Given records |
/---

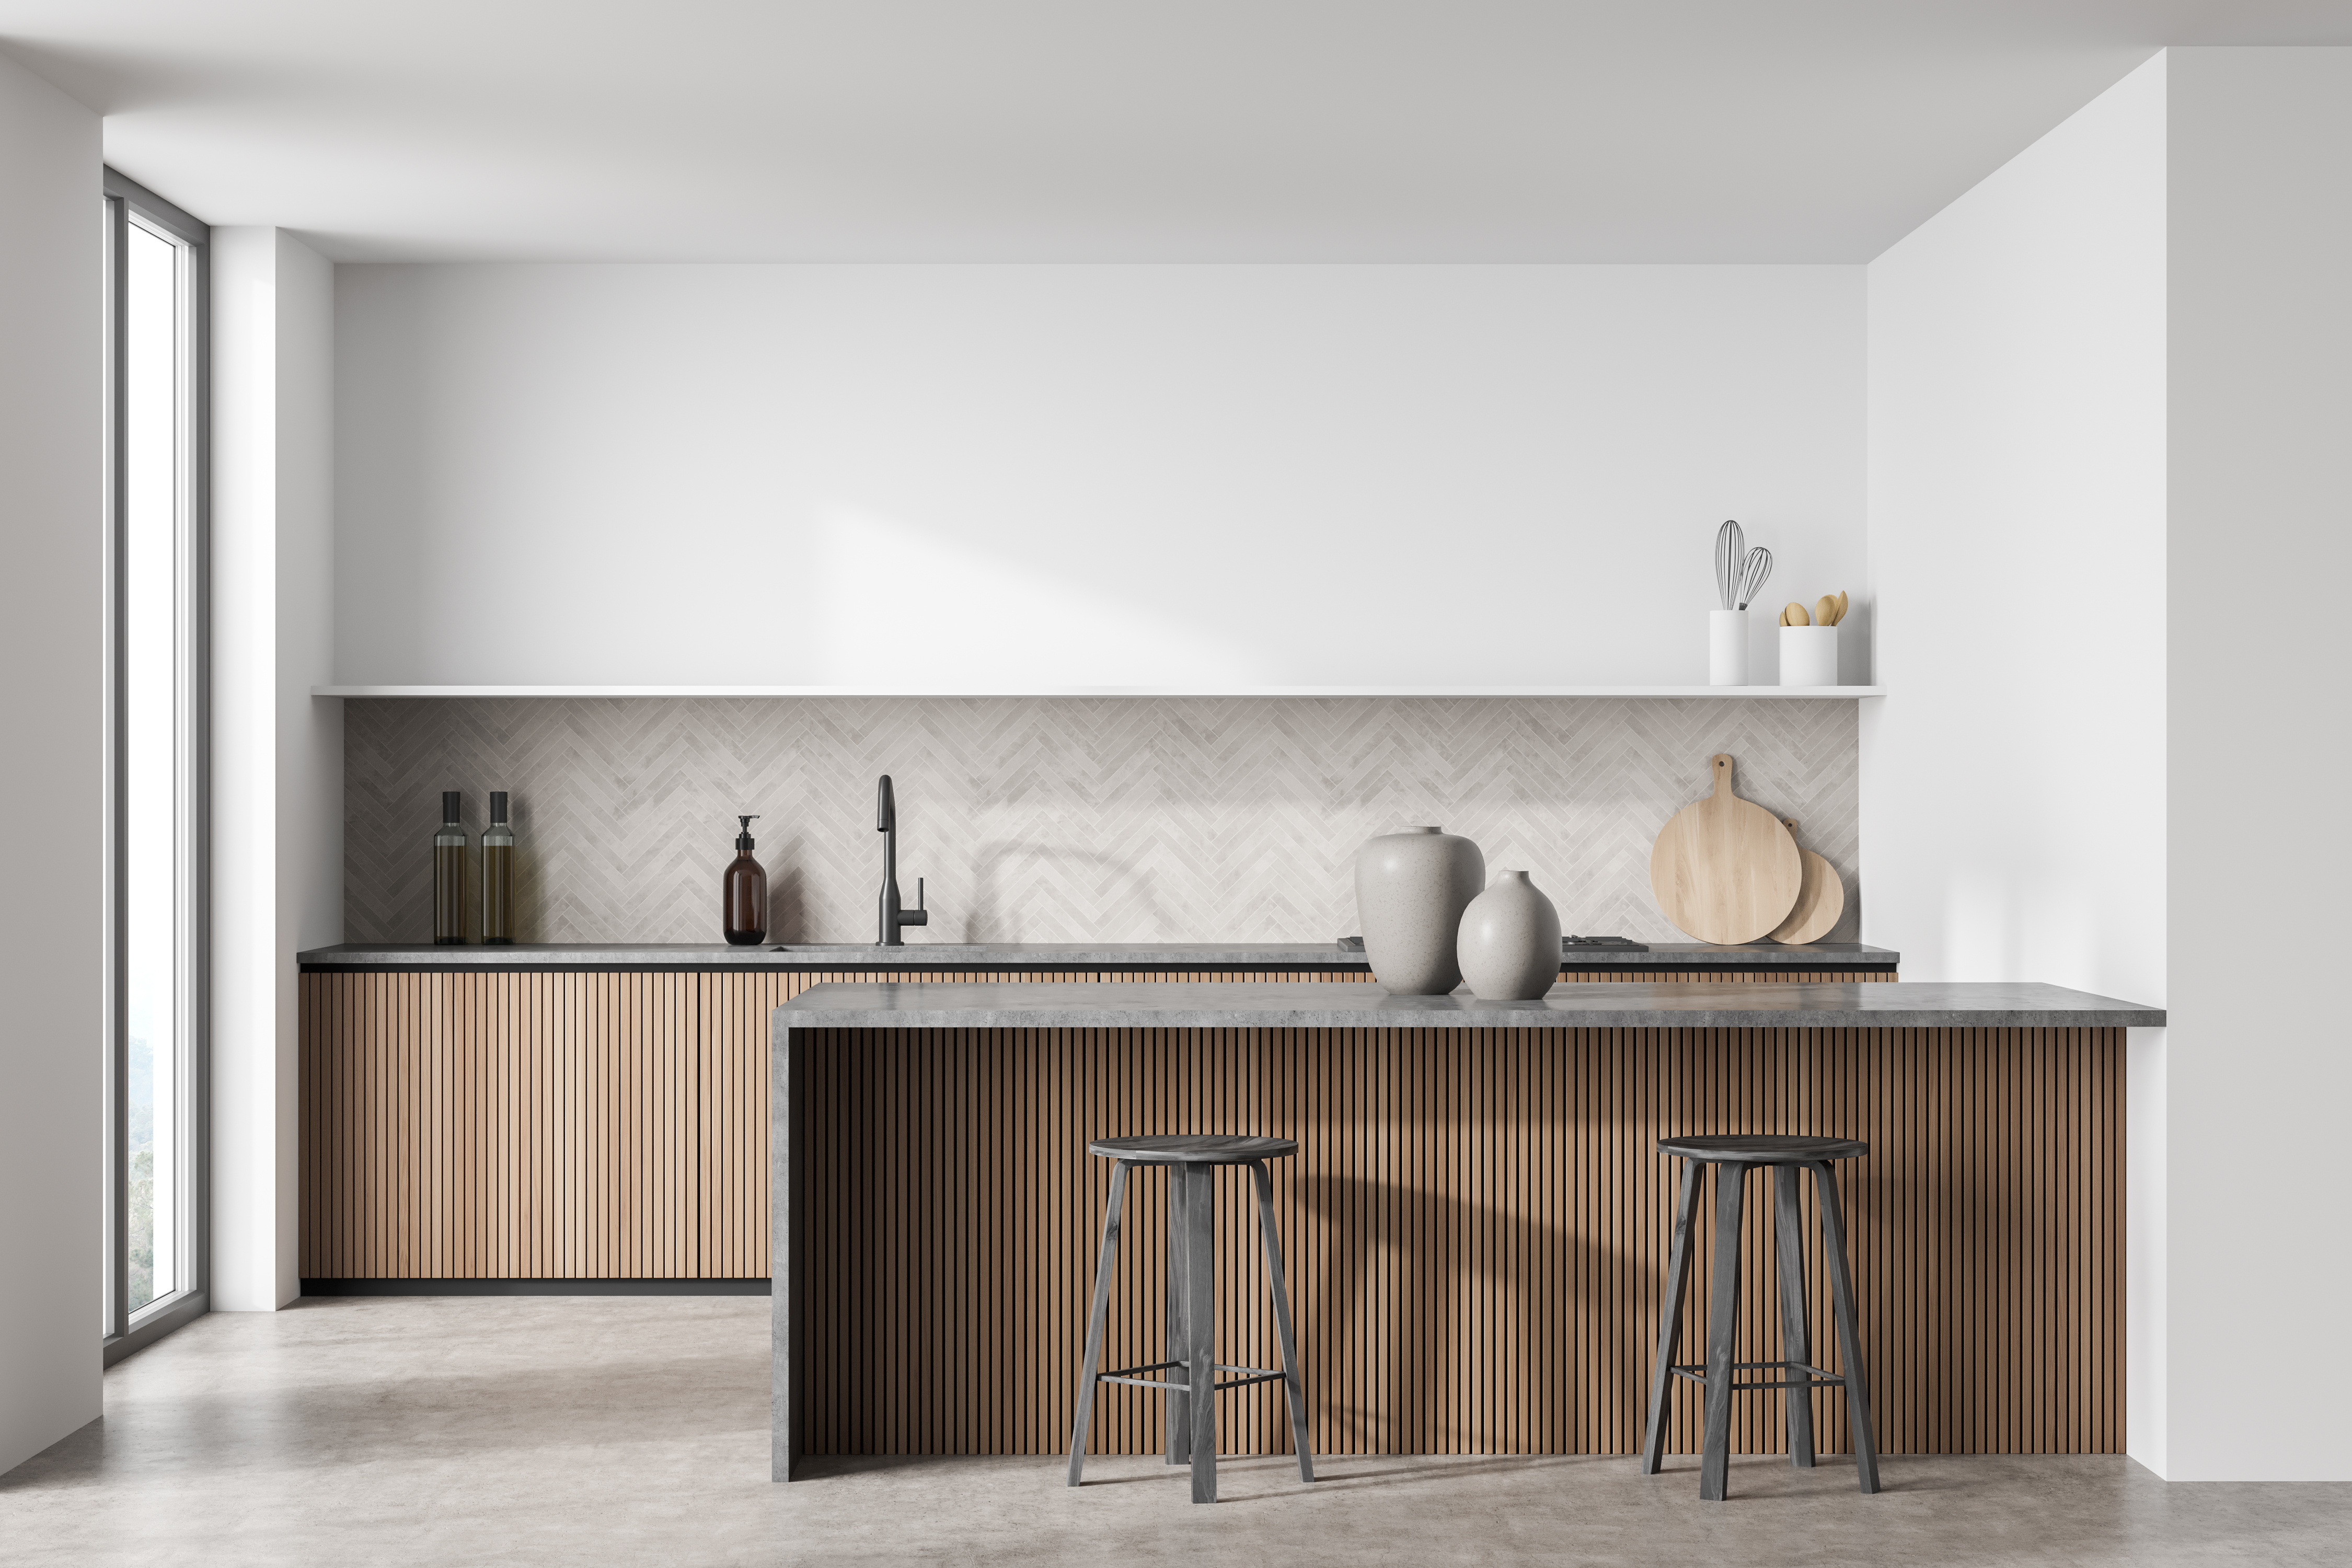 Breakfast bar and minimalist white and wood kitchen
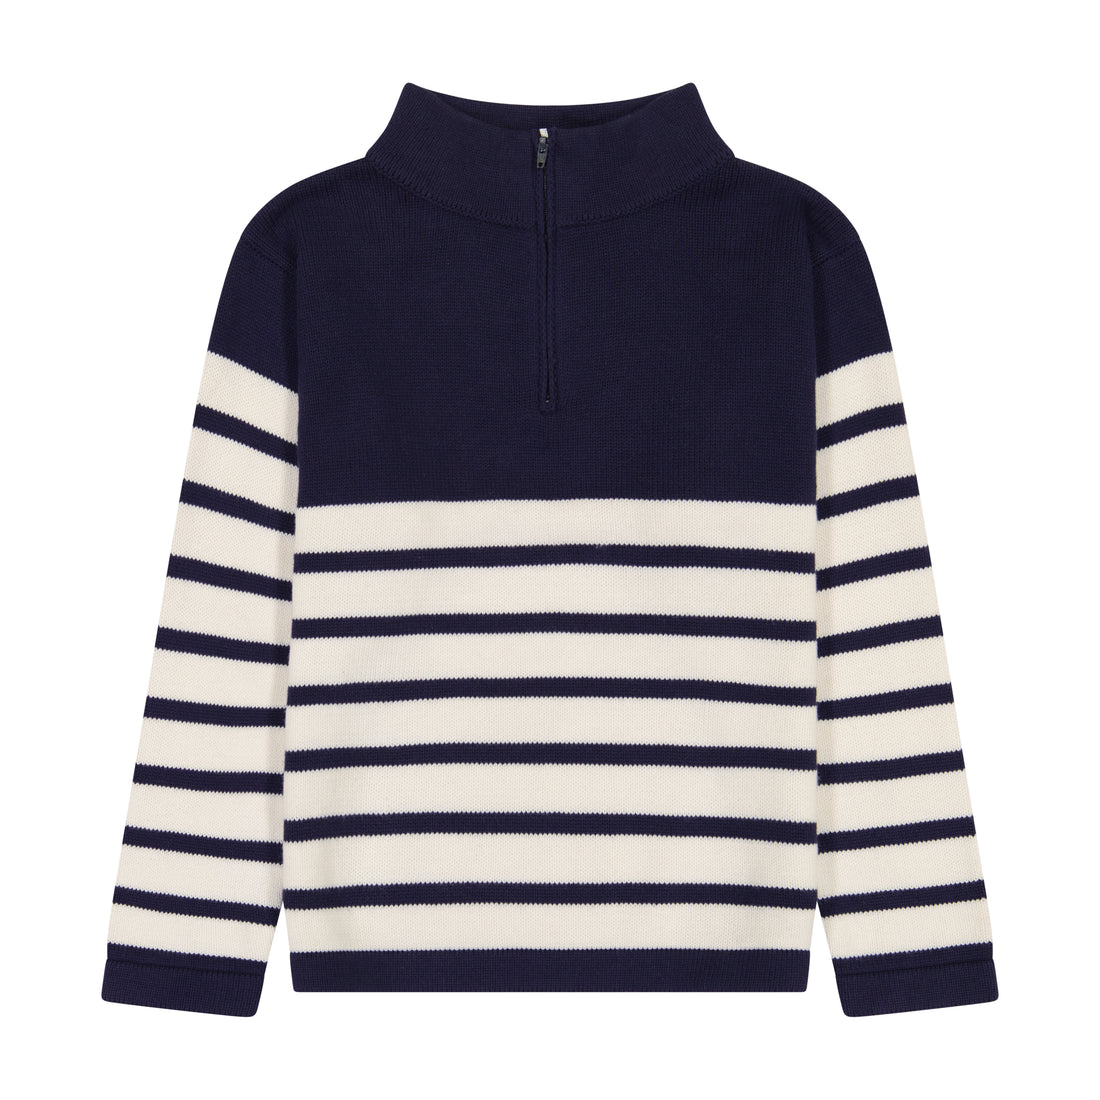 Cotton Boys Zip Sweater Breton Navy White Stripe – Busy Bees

\---
/---

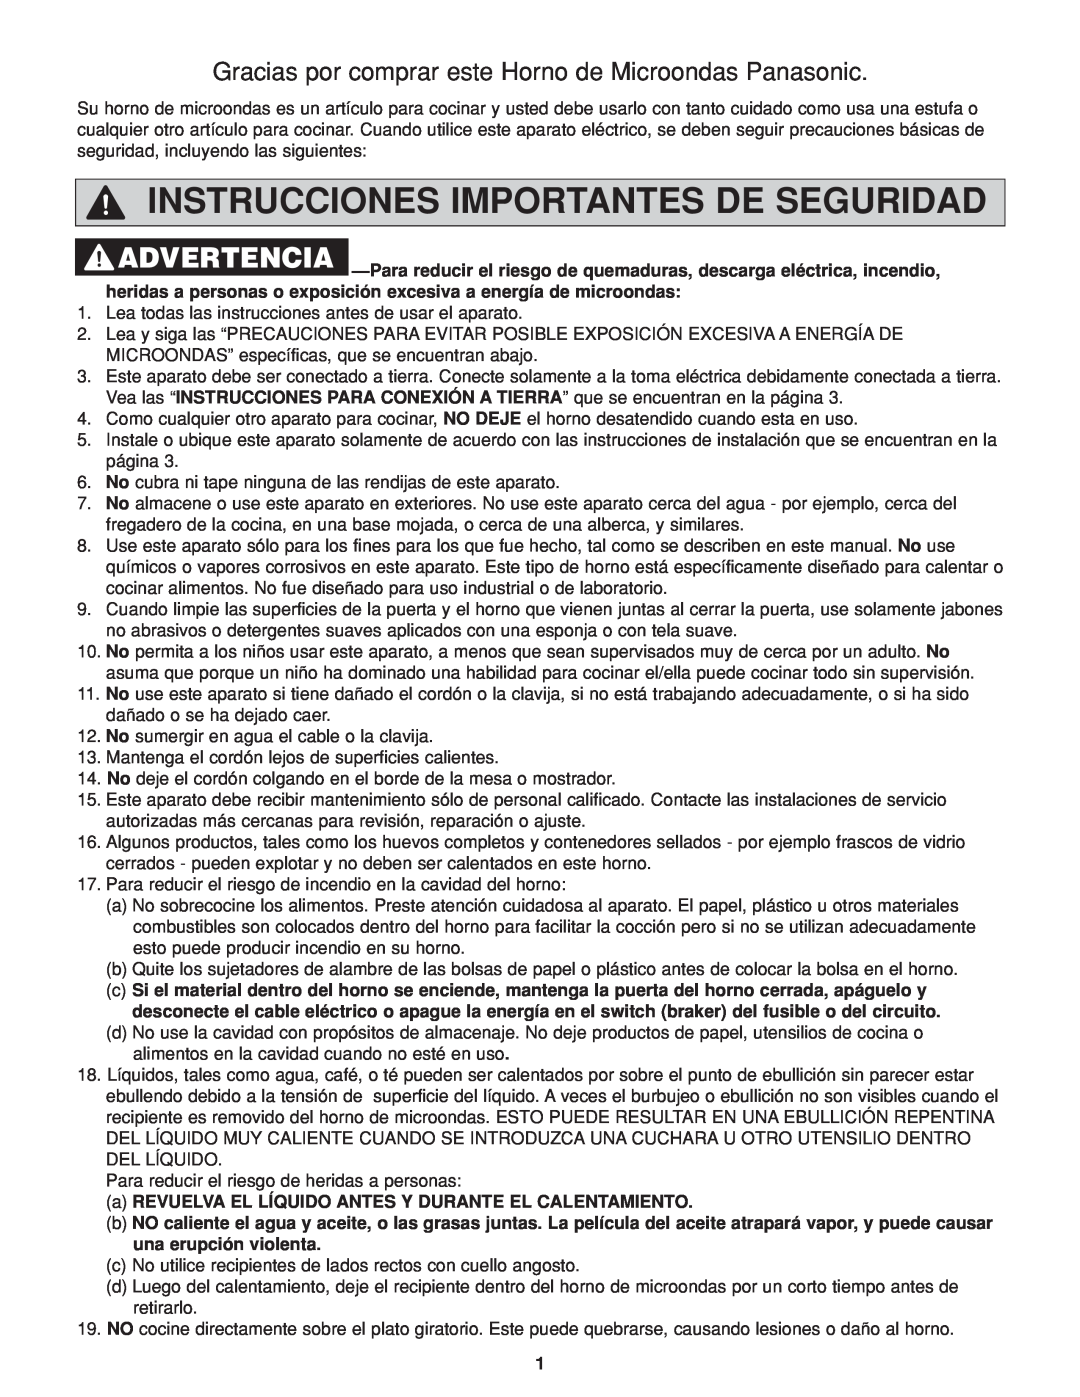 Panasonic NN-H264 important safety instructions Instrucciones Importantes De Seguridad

\---

Using the records above, print exactly the lines between the ones containing "Breakfast bar and" and "Cotton Boys Zip", inclusive, and nothing else; no pictures.

Finished task |
 Breakfast bar and minimalist white and wood kitchen
 Cotton Boys Zip Sweater Breton Navy White Stripe – Busy Bees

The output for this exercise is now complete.